:: Exercise material ::

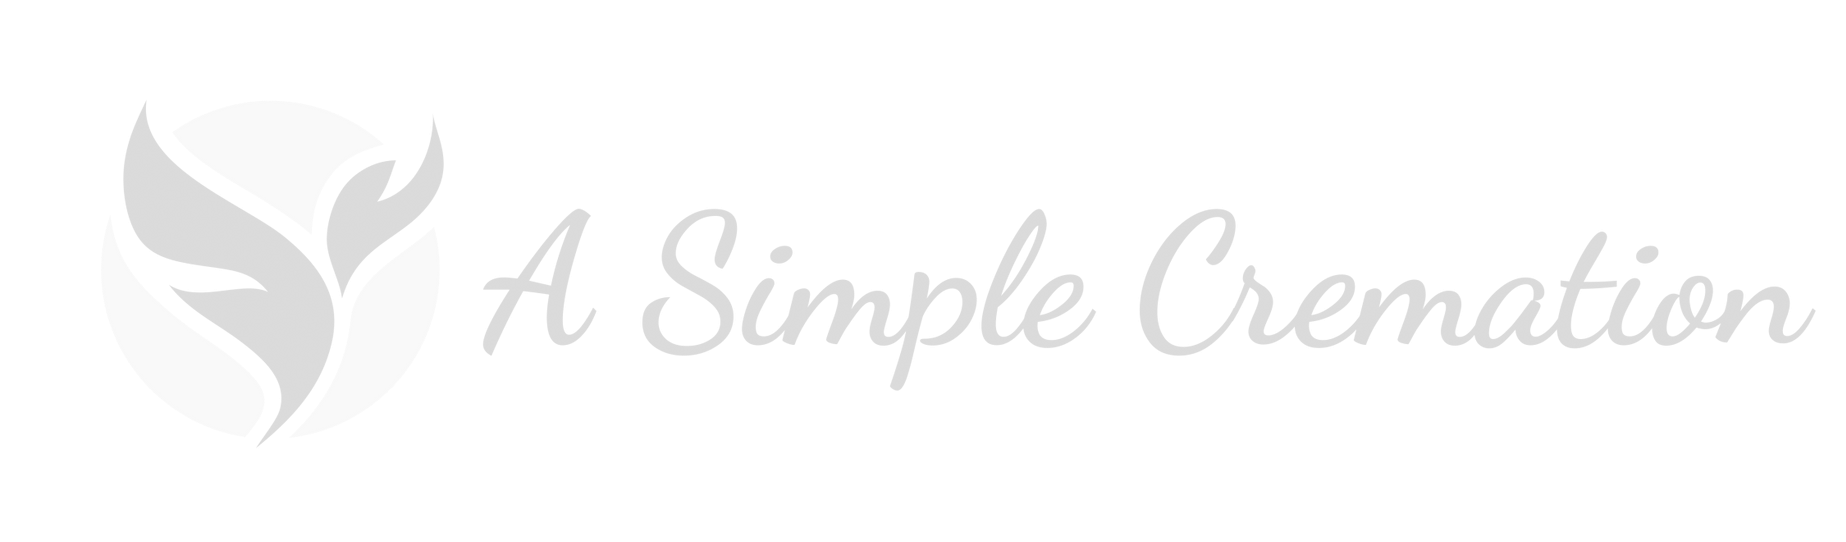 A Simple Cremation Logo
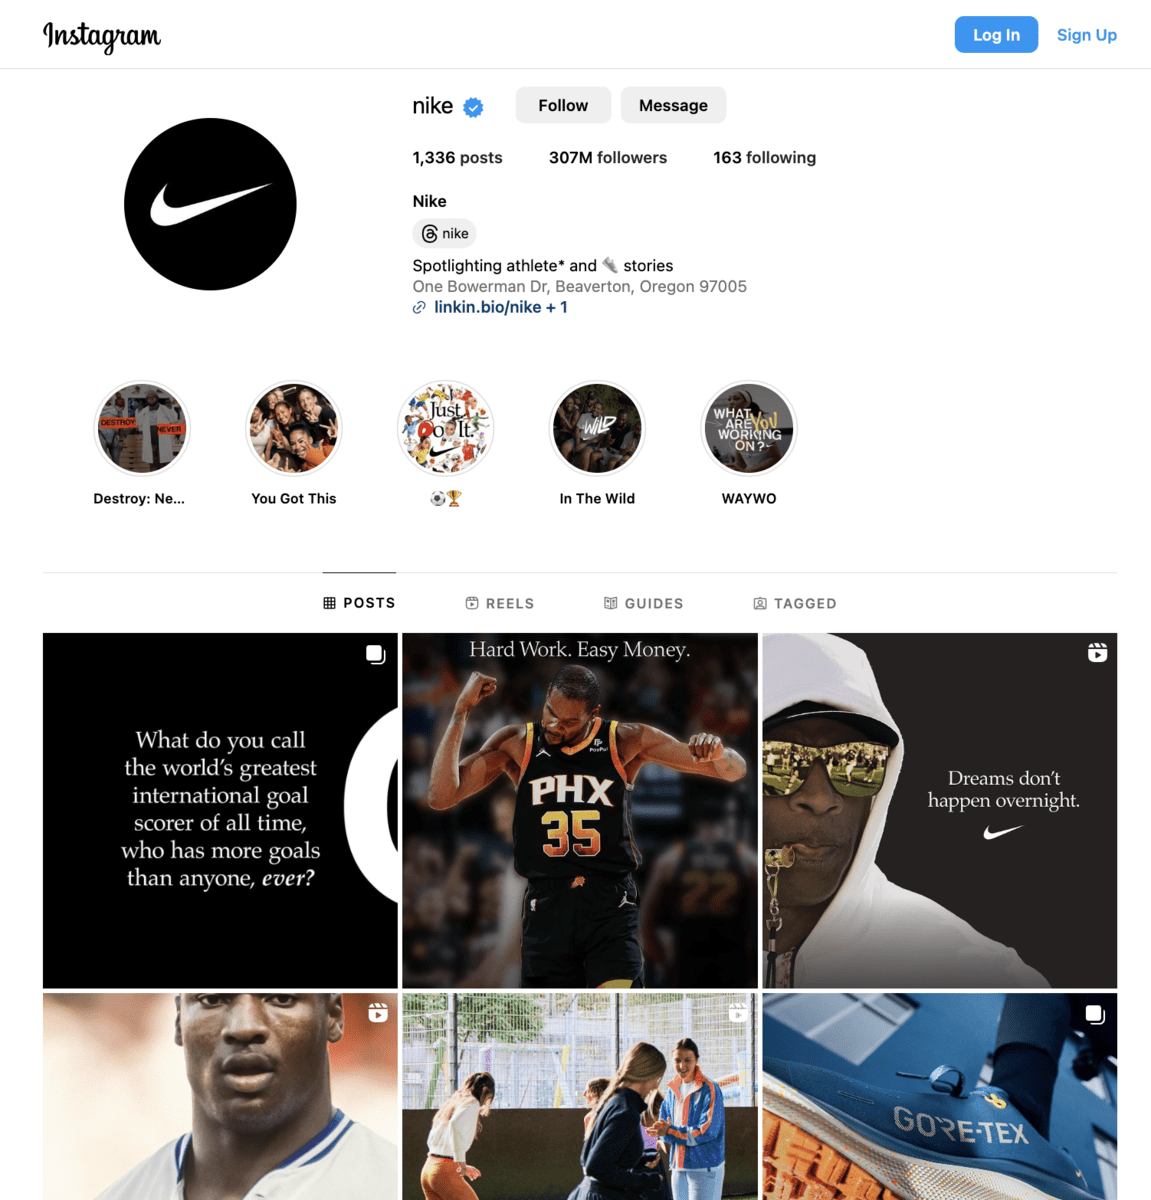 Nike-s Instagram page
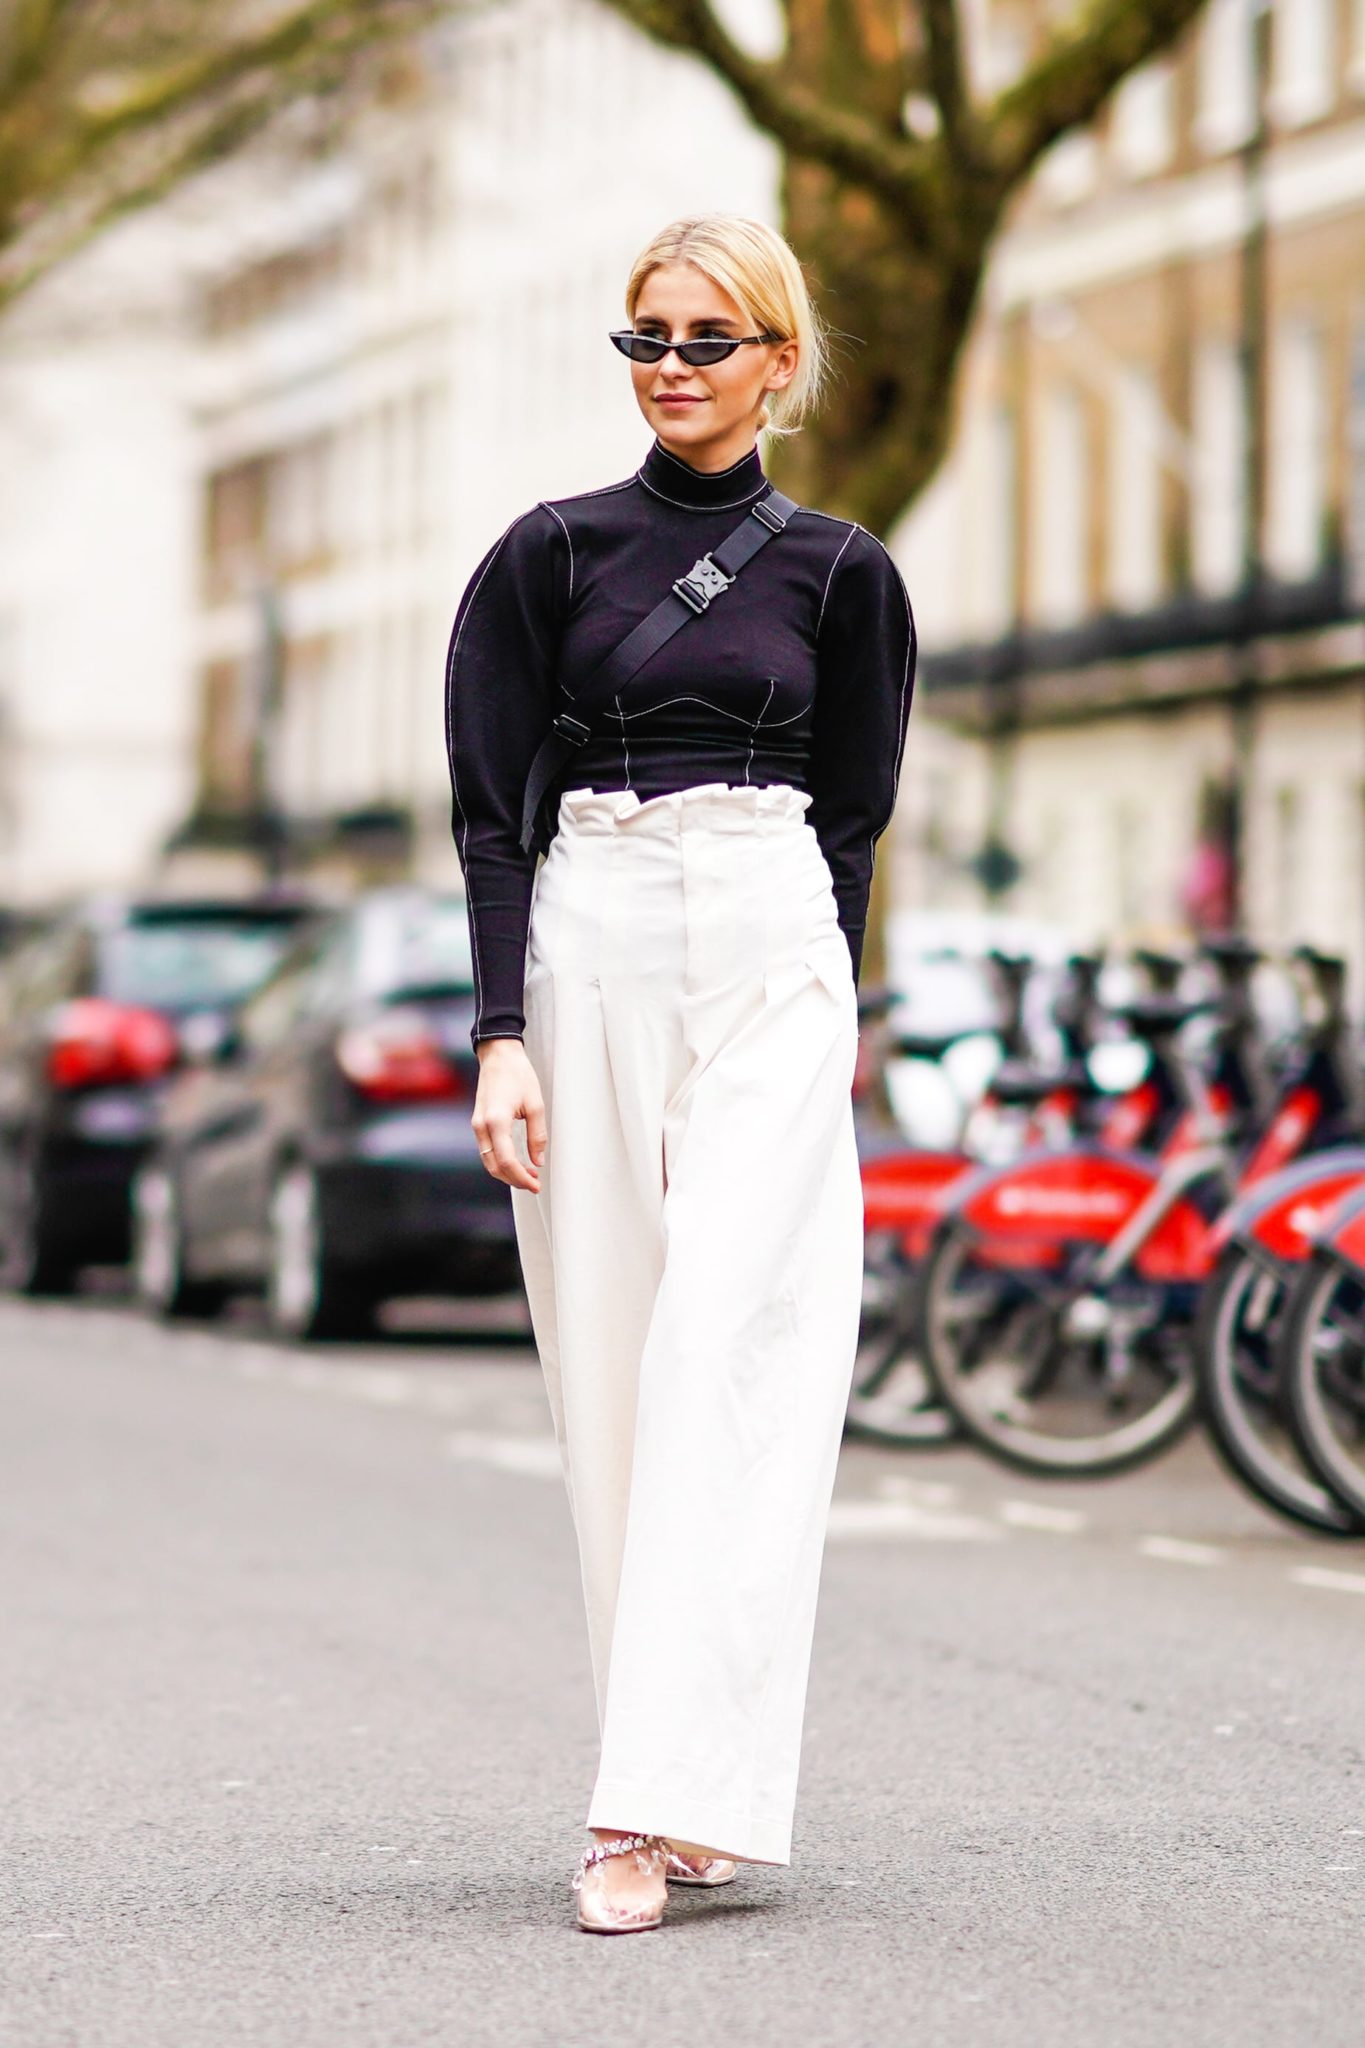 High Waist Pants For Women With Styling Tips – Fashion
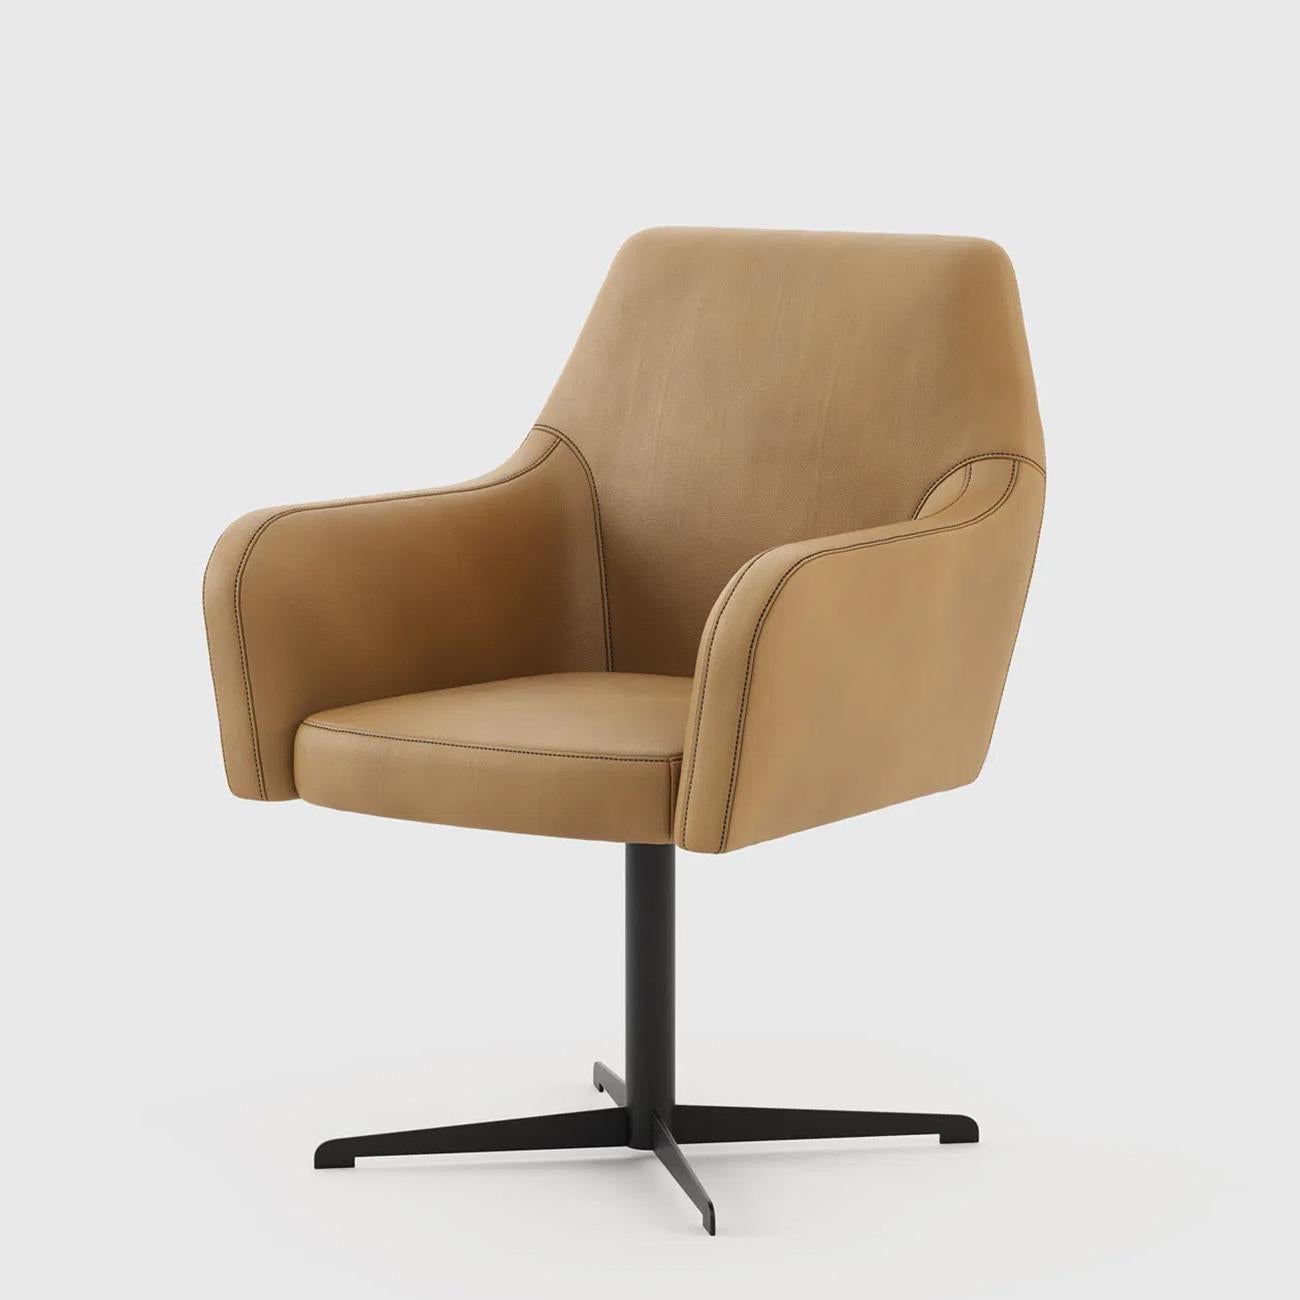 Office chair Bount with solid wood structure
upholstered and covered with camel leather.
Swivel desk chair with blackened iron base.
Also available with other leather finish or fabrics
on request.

:::

Determine how many lines of the material include the string "leather". Output only that count.

2